Summary of "AWS re:Invent 2025 - AI-powered resilience testing and disaster recovery (COP420)"

High-level summary

Topic: Using generative AI plus AWS Fault Injection Service (FIS) to automate and speed resilience testing and disaster‑recovery validation.

Goal: Automatically discover failure scenarios, convert past incidents (RCAs) into reproducible tests, and run safe, controlled chaos experiments so teams can validate mitigations faster — days vs. weeks. The presentation claimed up to ~90% reduction in experiment time.

Key technological concepts and products

AWS Fault Injection Service (FIS)
- Orchestrates resilience experiments.
- Provides native actions (CPU/memory stress, latency, power interruption) and reusable templates.
AWS Systems Manager
- Inventory
  - Acts as a “blueprint reader” to discover installed software, services, network configuration, DB connections, and which EC2 instances are online/reporting.
- Automation Documents (SSM documents)
  - Used to implement non‑native impairments (e.g., stop IIS, drop files, manipulate OS state).
  - Emphasis on modular, idempotent documents and state restoration.
Generative AI / agentic capabilities
- Bedrock-backed agents (e.g., inventory analysis agent, document generator agent) for discovery, hypothesis generation, and automated SSM document generation.
- AWS Strands framework (SDK) for building/running agents: model selection, tools that expose AWS APIs/tags, prompts + callbacks — only a few lines of code needed.
- Proposed multi‑agent architecture:
  1. Hypothesis generator
  2. Prioritization agent
  3. Experiment designer (SSM doc agent)
  4. Experiment executor
  5. Monitoring / iteration agents
Observability & operations
- Tie experiment results into monitoring and incident tooling (DevOps agent, CloudWatch Investigator referenced).
- Aim to reduce MTTR and improve operational response.
Resilience lifecycle
- Phases: set objectives → design/implement → evaluate/test → operate → learn/respond.
- AI can assist across the design, testing, and learning phases.

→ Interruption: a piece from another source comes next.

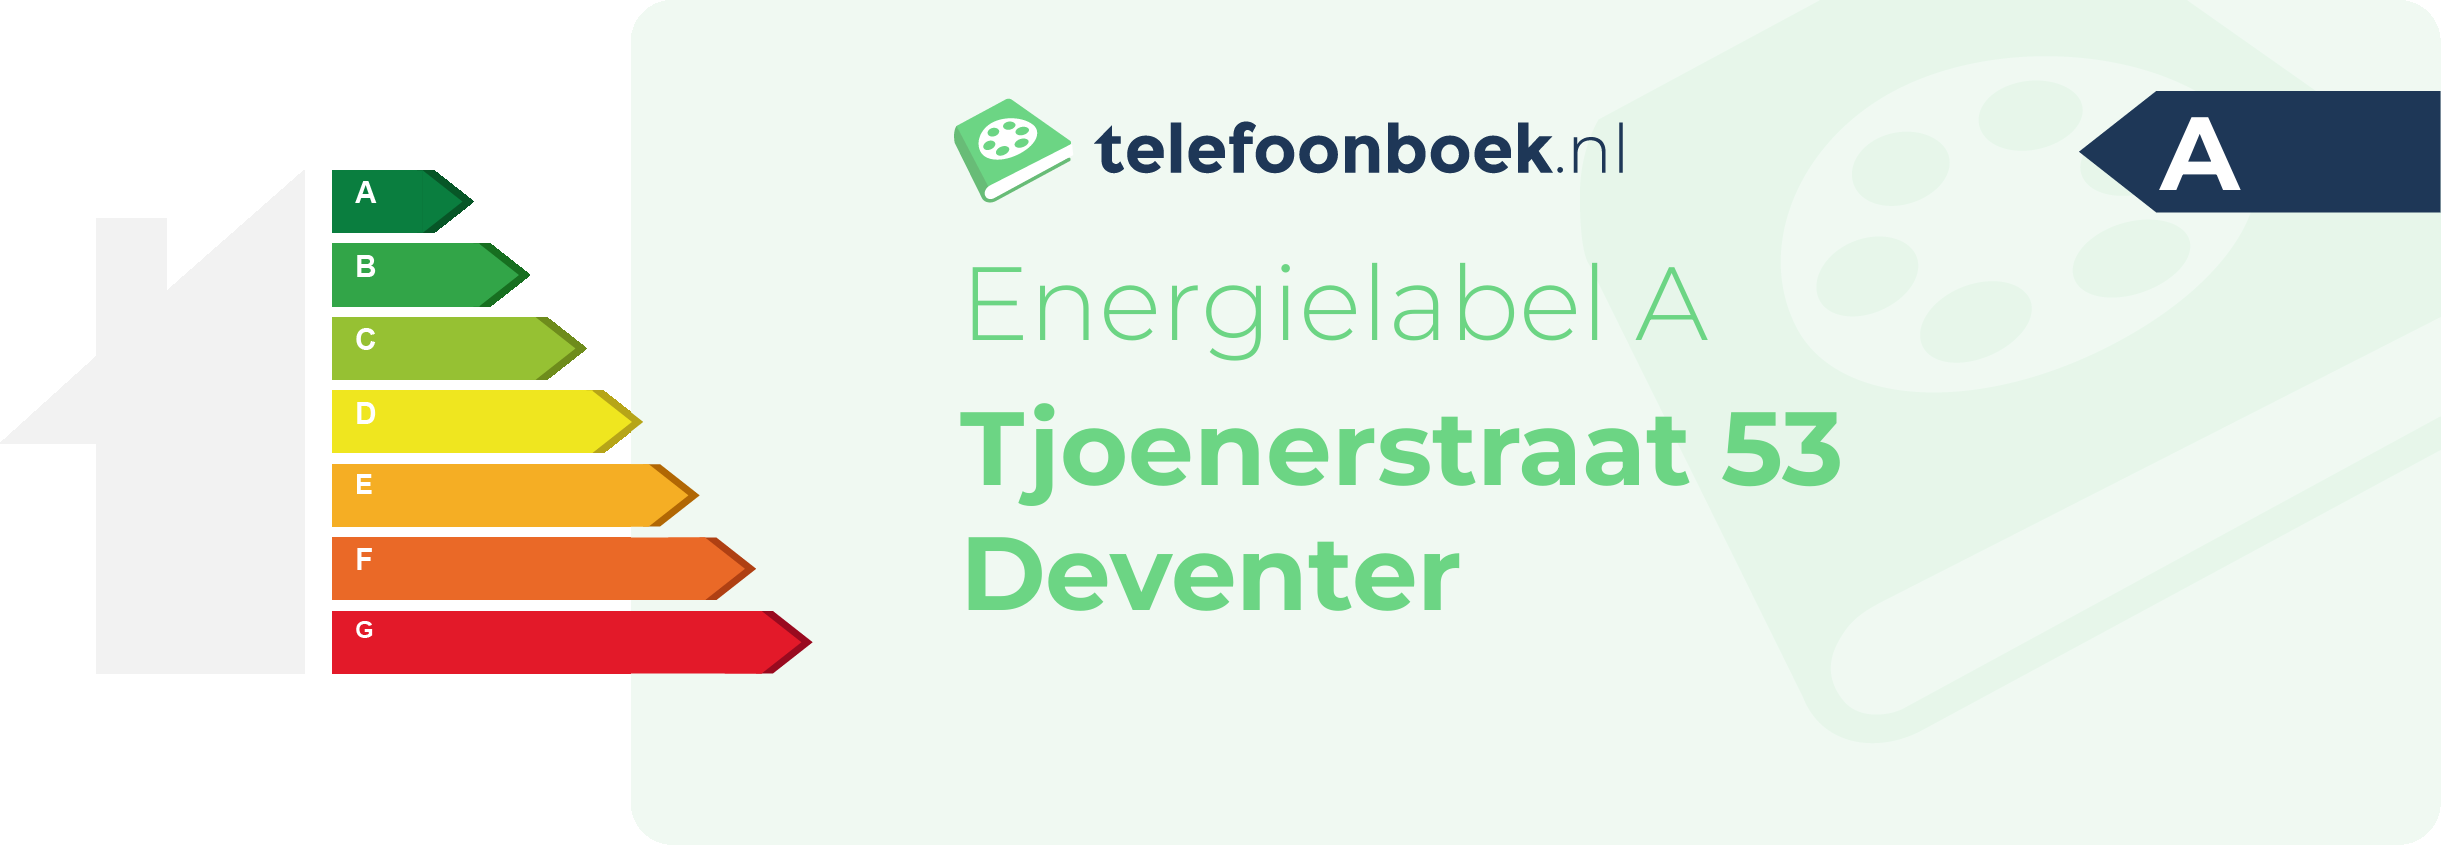 Energielabel Tjoenerstraat 53 Deventer

Demo and practical workflow

Inventory agent runs on an online EC2 instance and discovers IIS, ODBC drivers, DB dependencies, autoscaling/healthcheck info.
Agent generates failure hypotheses (e.g., block DB port via security group, impair IIS/app pool, create latency).
Document generator builds an SSM Automation document (PowerShell for Windows), including:
- Preconditions
- Safety checks
- Cleanup (state restoration, idempotency)
FIS experiment template ties native FIS actions and the SSM Automation document together and executes the experiment via console, API, or CLI.
Teams validate the produced documents and iterate.

Prompt engineering and agent guardrails

Prompts function like detailed job descriptions:
- Define agent persona, allowed tools/actions, what to ignore, and output format.
Explicit “do not” constraints:
- Do not impair protected services (e.g., Systems Manager agent).
- Do not break management connectivity.
- Never modify critical production infrastructure beyond the permitted scope.
Preconditions to validate before running experiments:
- Instance is online.
- Target service is running.
- Sufficient disk space.
- Required modules are installed.
Emphasis on safety:
- Isolation boundaries and limiting targets.
- Rollback and restoration steps.
- Logging and explicit preconditions.

Best practices for SSM documents and experiments

Make SSM documents modular and idempotent; include preconditions and restoration flows.
Use native FIS actions where available; author custom SSM documents only for OS- or application‑level actions not covered by FIS.
Validate automation in lower‑risk (production‑like) environments before full experiments.
Keep experiments focused and controlled — practice chaos engineering with purpose rather than random destruction.

Benefits and impact

Large time savings in discovery, test generation, and document creation — engineers shift from “writing plumbing” to validating and iterating.
Faster discovery of unknown dependencies and single points of failure.
Enables turning RCAs into automated tests to verify mitigations and disaster‑recovery playbooks.
Supports human–AI collaboration: AI accelerates draft tests; humans validate and refine.

“Everything fails all the time.” — Dr. Werner Vogels (quoted as a resiliency principle referenced in the presentation)

Guides, resources, and next steps

Resilience lifecycle framework (released Oct 2023) — north star for resilient application design.
FIS native actions and template library + best‑practices blog (used as context for agent prompts).
AWS Systems Manager Inventory and Automation documents guidance.
AWS Strands framework for building agents.
Multi‑agent chaos engineering code demonstrated (reusable) — “test at your own risk; validate and adapt.”
AWS Resiliency Analyst Framework and Fault Isolation Boundaries guidance.
Onsite resources: re:Invent booth (demos, Q&A).